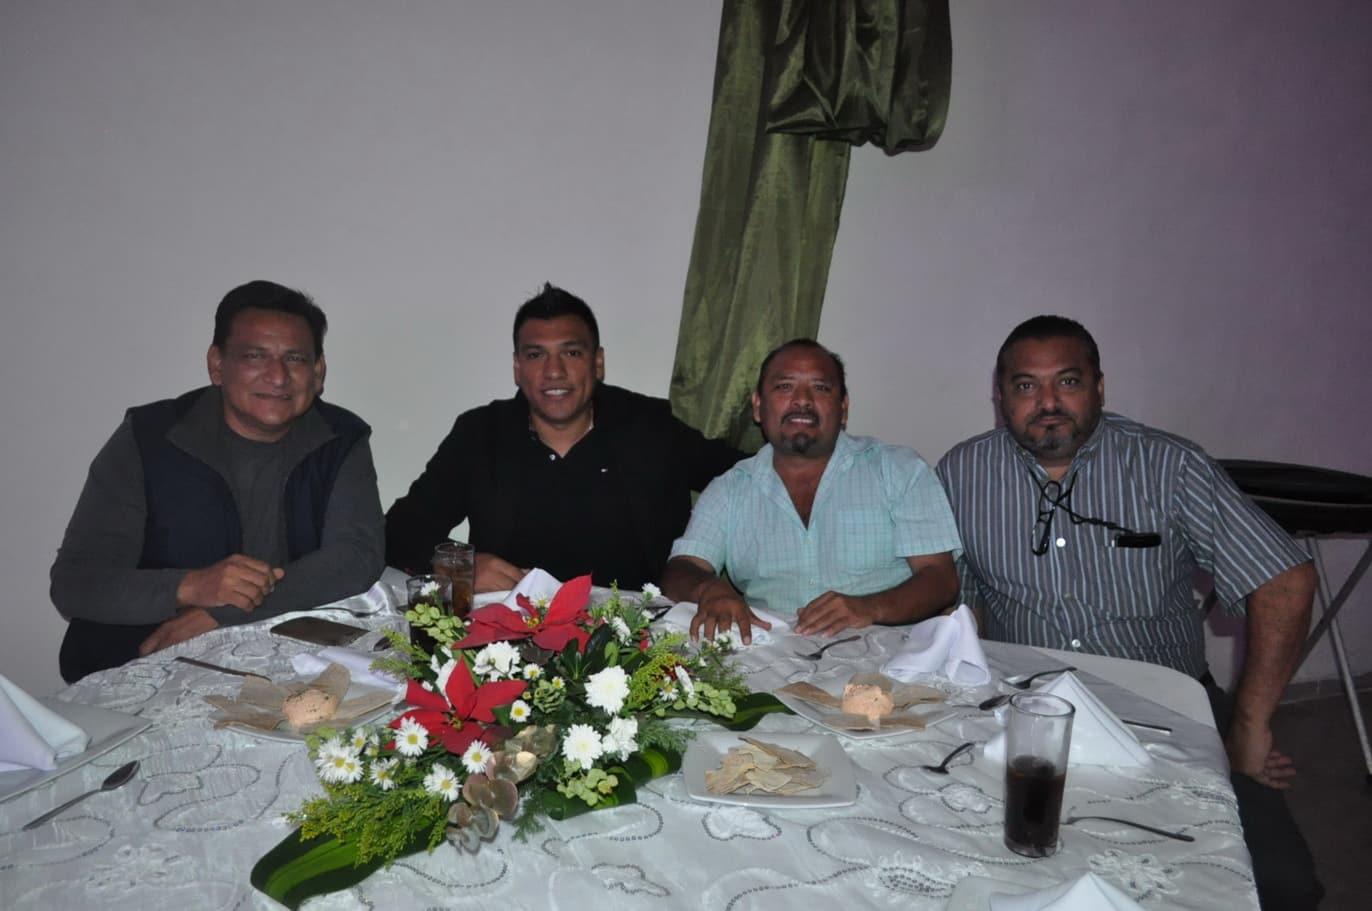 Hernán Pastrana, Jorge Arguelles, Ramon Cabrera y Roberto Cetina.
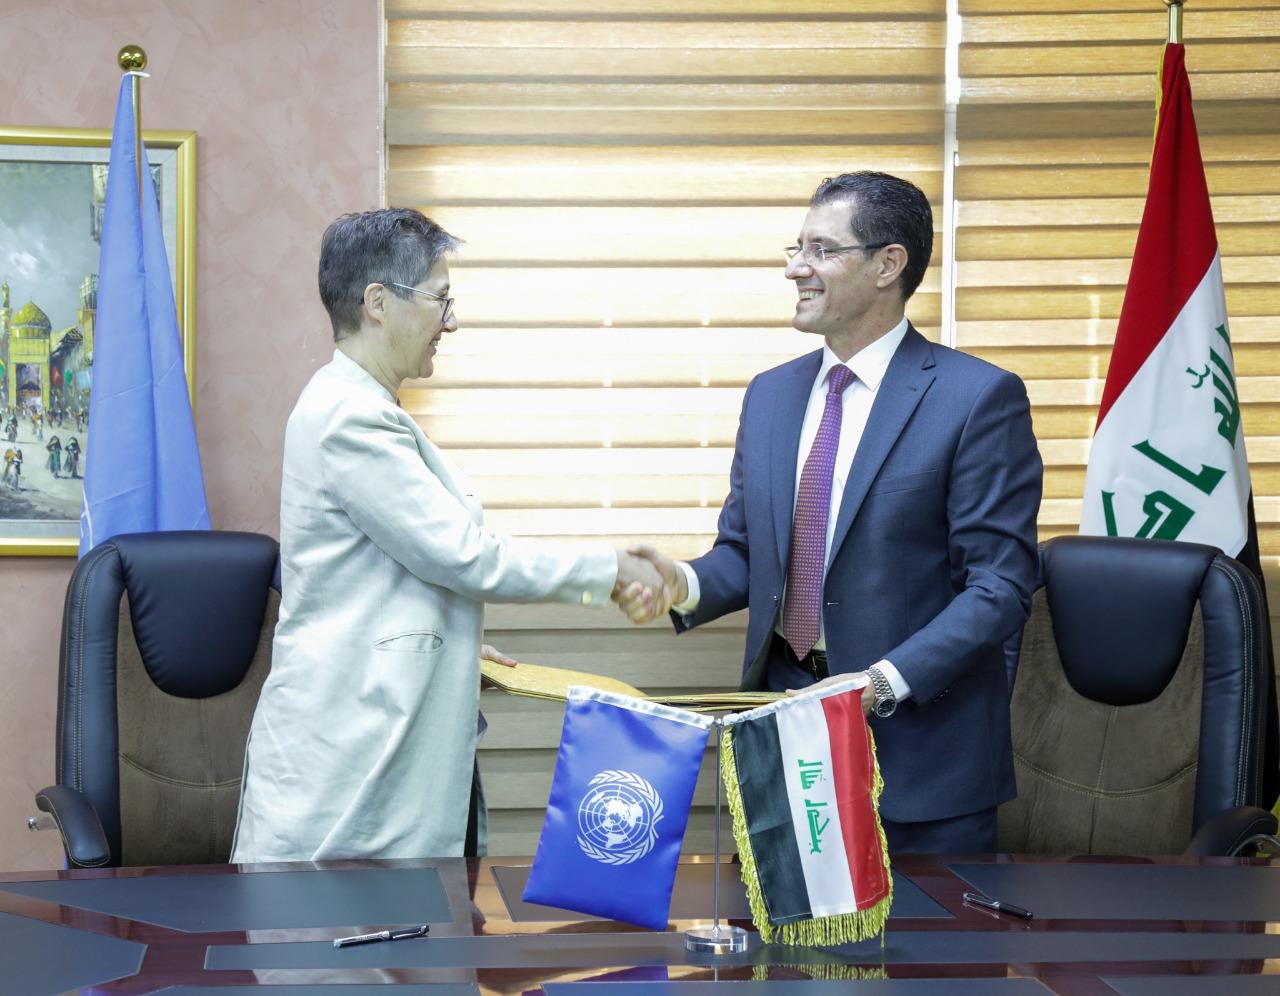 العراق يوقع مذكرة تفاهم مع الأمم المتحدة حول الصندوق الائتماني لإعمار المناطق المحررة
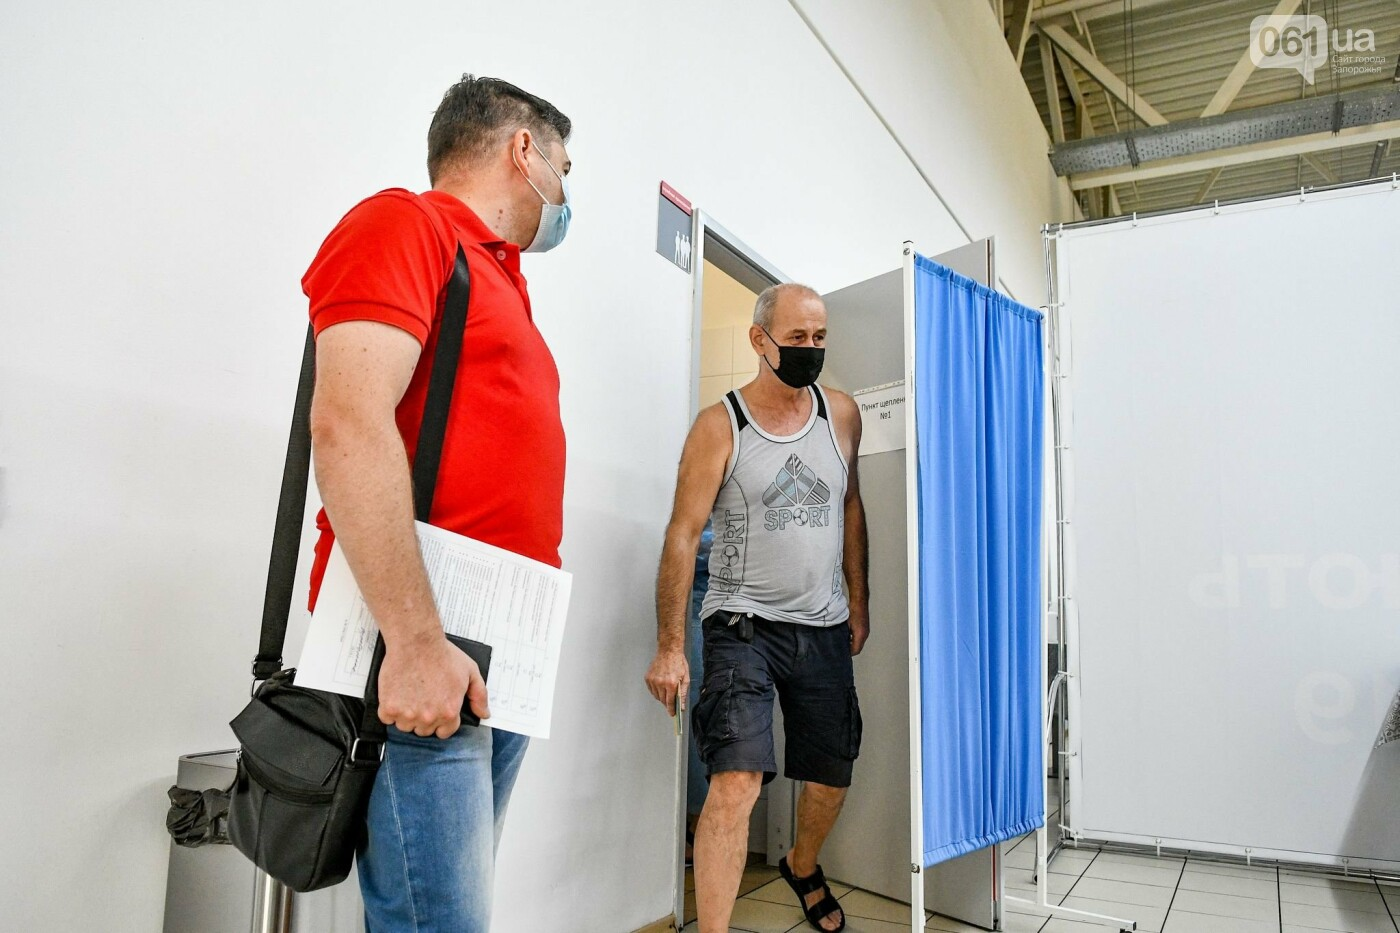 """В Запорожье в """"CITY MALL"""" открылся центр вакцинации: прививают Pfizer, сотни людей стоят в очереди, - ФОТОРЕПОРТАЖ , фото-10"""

**Problem description:**
Please repeat each line above exactly as it appears, but omit the pictures.

**Result of the exercise:**
 Hernán Pastrana, Jorge Arguelles, Ramon Cabrera y Roberto Cetina.
 العراق يوقع مذكرة تفاهم مع الأمم المتحدة حول الصندوق الائتماني لإعمار المناطق المحررة
 """В Запорожье в """"CITY MALL"""" открылся центр вакцинации: прививают Pfizer, сотни людей стоят в очереди, - ФОТОРЕПОРТАЖ , фото-10"""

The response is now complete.